Economists traditionally consider money to have three core functions:
– a medium of exchange. Money allows its holders to trade goods and services without having to resort to bartering. Many thousands of years ago, those with surplus goods to trade needed to rely on there being a ‘double coincidence of wants’.
For example, if one person had a cow and wanted to trade it for 10 sacks of grain there needed to someone who had 10 sacks of grain and wanted a cow – a highly unlikely scenario.
By acting as a medium of exchange, money overcomes this problem.
– a store of value. By storing and holding value, money can be used as a medium of exchange over time. However, fiat currencies, such as the pound and dollar, are not the only stores of value and may not necessarily be the best ways of preserving value over time.
Fiat currencies are subject to the loss of value over time due to inflation, with other assets such as gold, art and property arguably holding their value better as time goes on. However, cash is more widely used as a medium of exchange due to its liquidity and is readily accepted in most places – you are unlikely to be able to go into Tesco and pay for your groceries with a gold bar.

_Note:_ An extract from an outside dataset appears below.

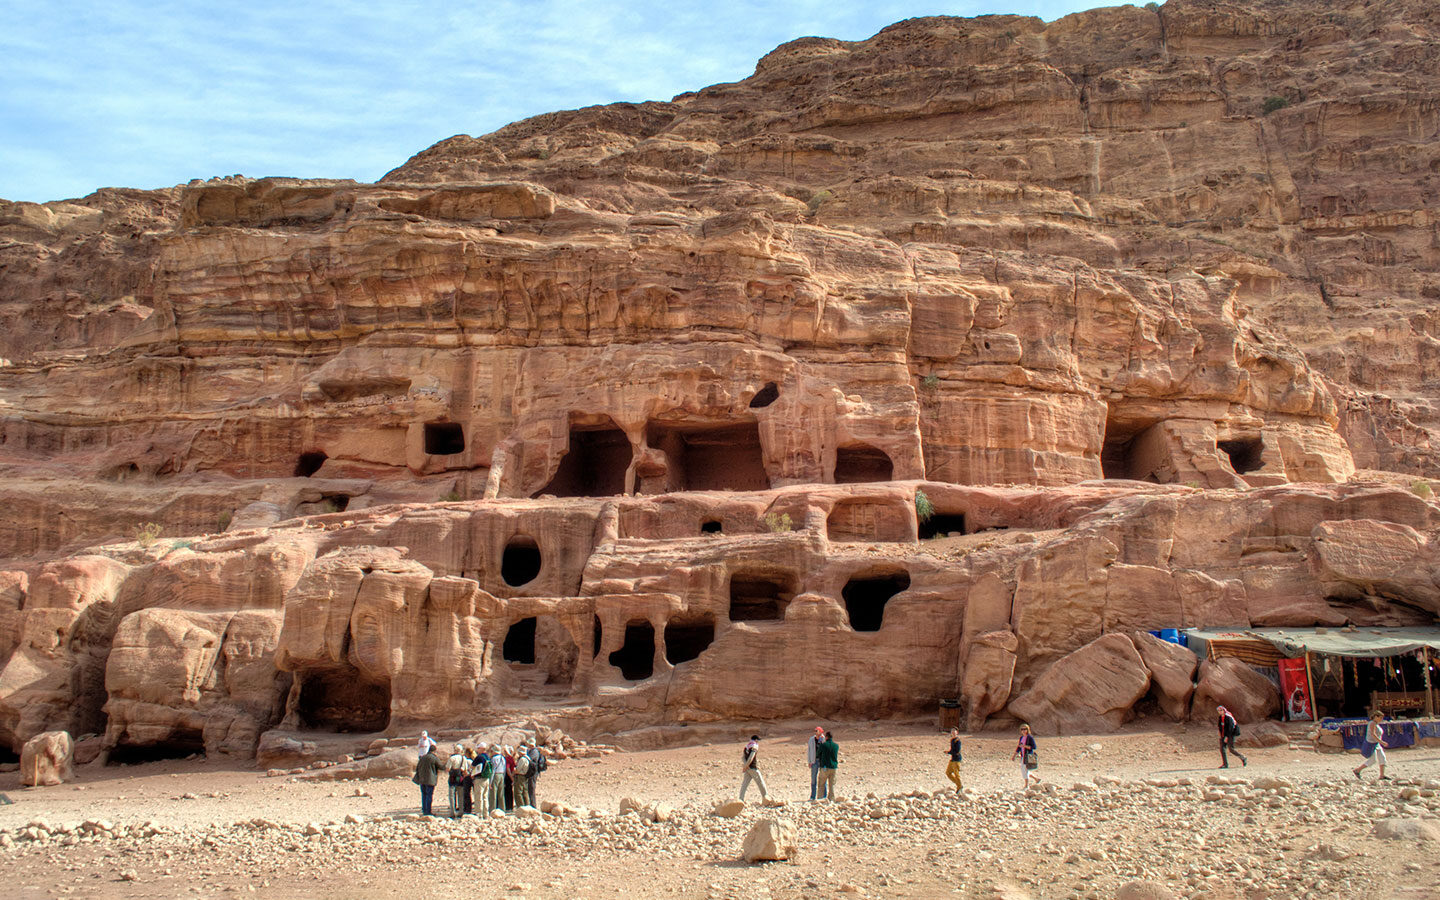 Tombs carved into the rock at Petra, Jordan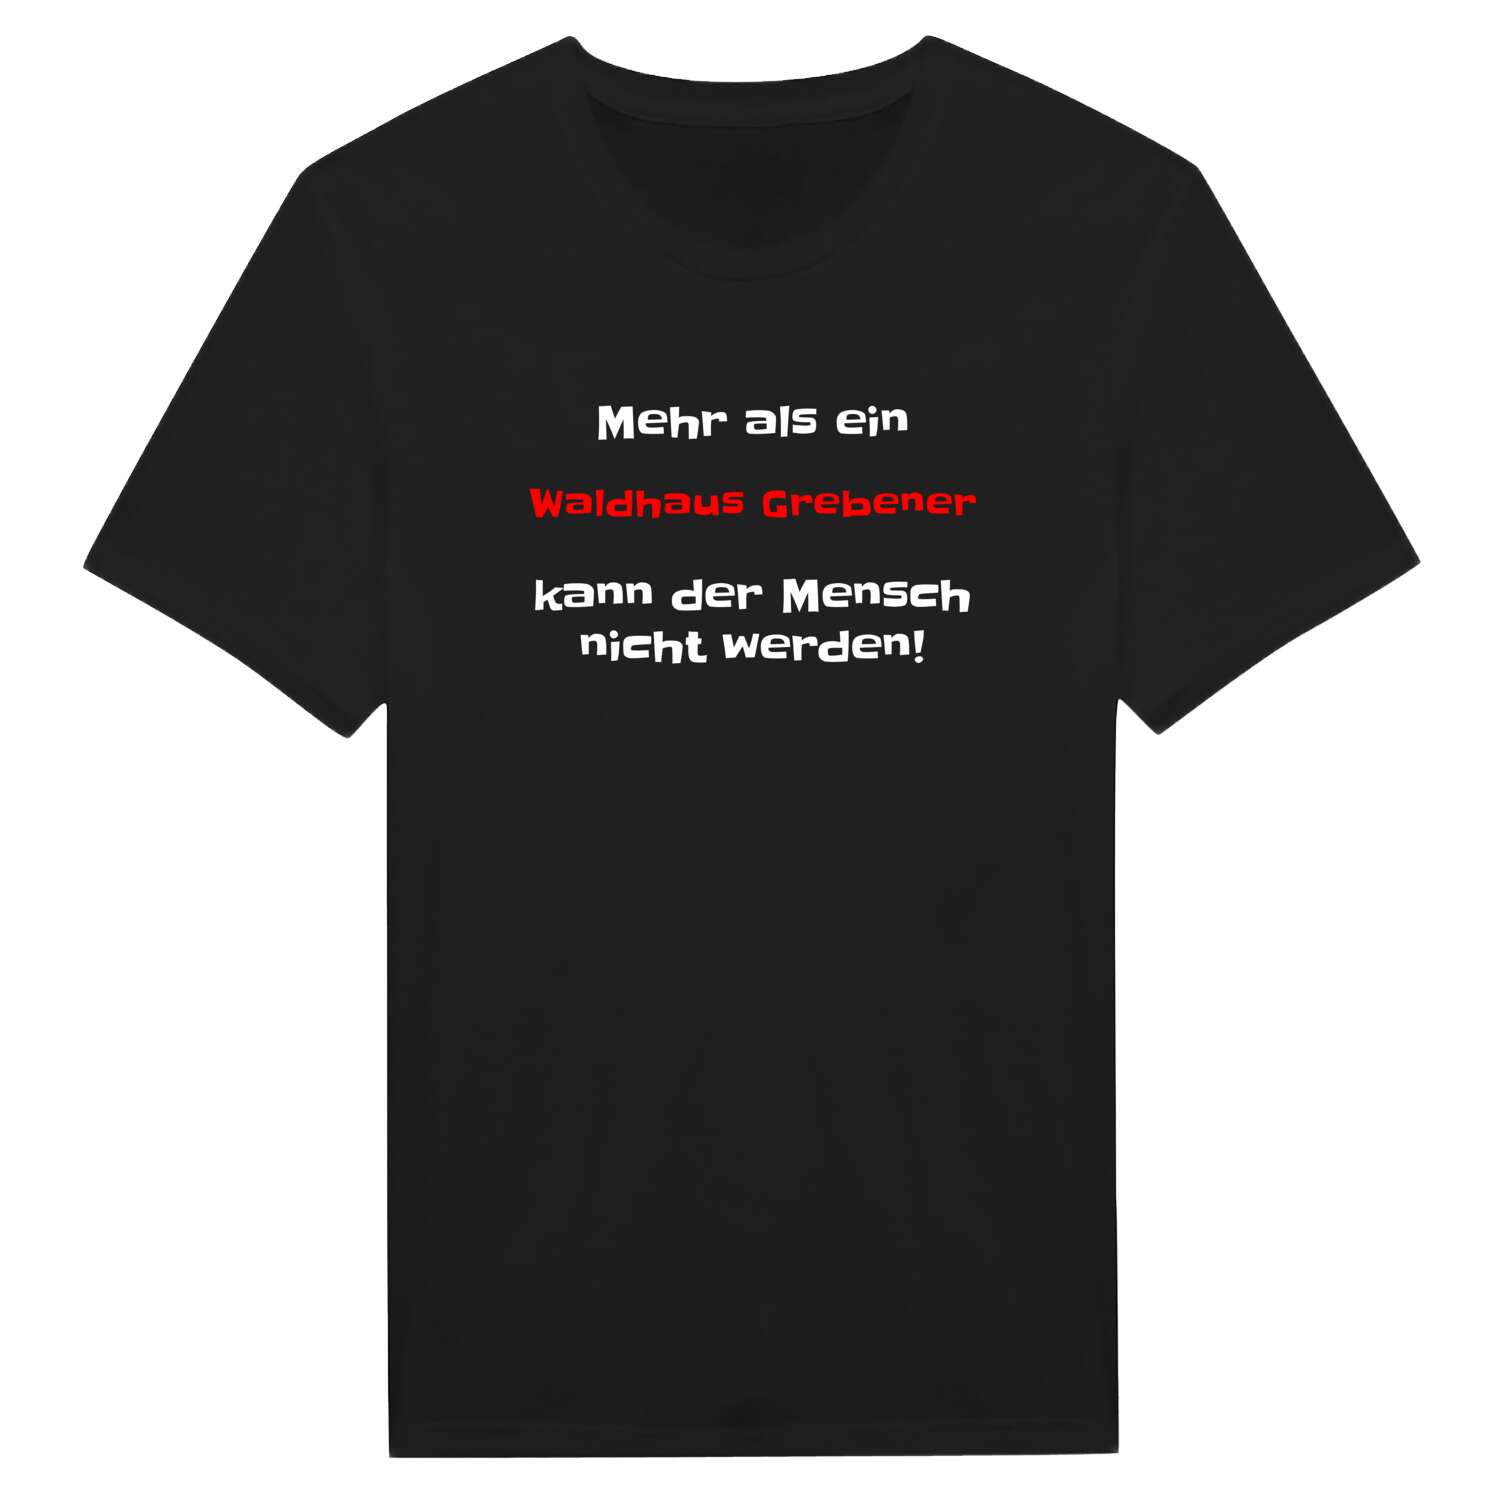 Waldhaus Grebe T-Shirt »Mehr als ein«

– unit of account. Finally, money provides a common measure of the value of goods and services being traded. Being priced in certain units, such as pounds or dollars, buyers and sellers are able to know how much a cow is worth compared to a sack of grain and are able to make more informed decisions.
Along with the three core functions, forms of money must also have a number of other characteristics to be successful. These include being easy to carry around (not like gold bars) and be divisible into smaller denominations in order to facilitate transactions (so change can be given). Of course, money must be widely accepted by a population for it to be successful and difficult to counterfeit so confidence in its stability remains high.
Is Crypto Cash?
In the cryptocurrency world, Bitcoin was created in 2008 as the world’s first digital only currency, with its creator having the aim of developing ‘a new electronic cash system…’. But can Bitcoin be considered to be money? If we analyse the cryptocurrency against the three functions above then the answer sways towards yes, but how successful it is is up for debate.
Firstly, Bitcoin is definitely a medium of exchange. Holders are able to spend their coins in a variety of shops and with a range of traders in order to settle their bills. But while there have been several early adopters, its acceptance as a medium of exchange is not yet widespread. While you may be able to pay for your holiday on the Expedia website or purchase some spicy buffalo wings at PizzaForCoins.com, a report in July this year from Morgan Stanley found that Bitcoin is accepted at just three of the top 500 online merchants.
Perhaps the greatest success of Bitcoin has been its ability to store value. From trading as low as 5 cents seven years ago, as I write its value has just hit $16,708! This is in contrast to the US dollar, which according to US government stats has lost c.95% of its purchasing power since the creation of the Federal Reserve in 1913 (see chart below). However, with Bitcoin continuing to see highly volatile price movements on a daily, and even hourly, basis its future role as a stable form of value storage is uncertain.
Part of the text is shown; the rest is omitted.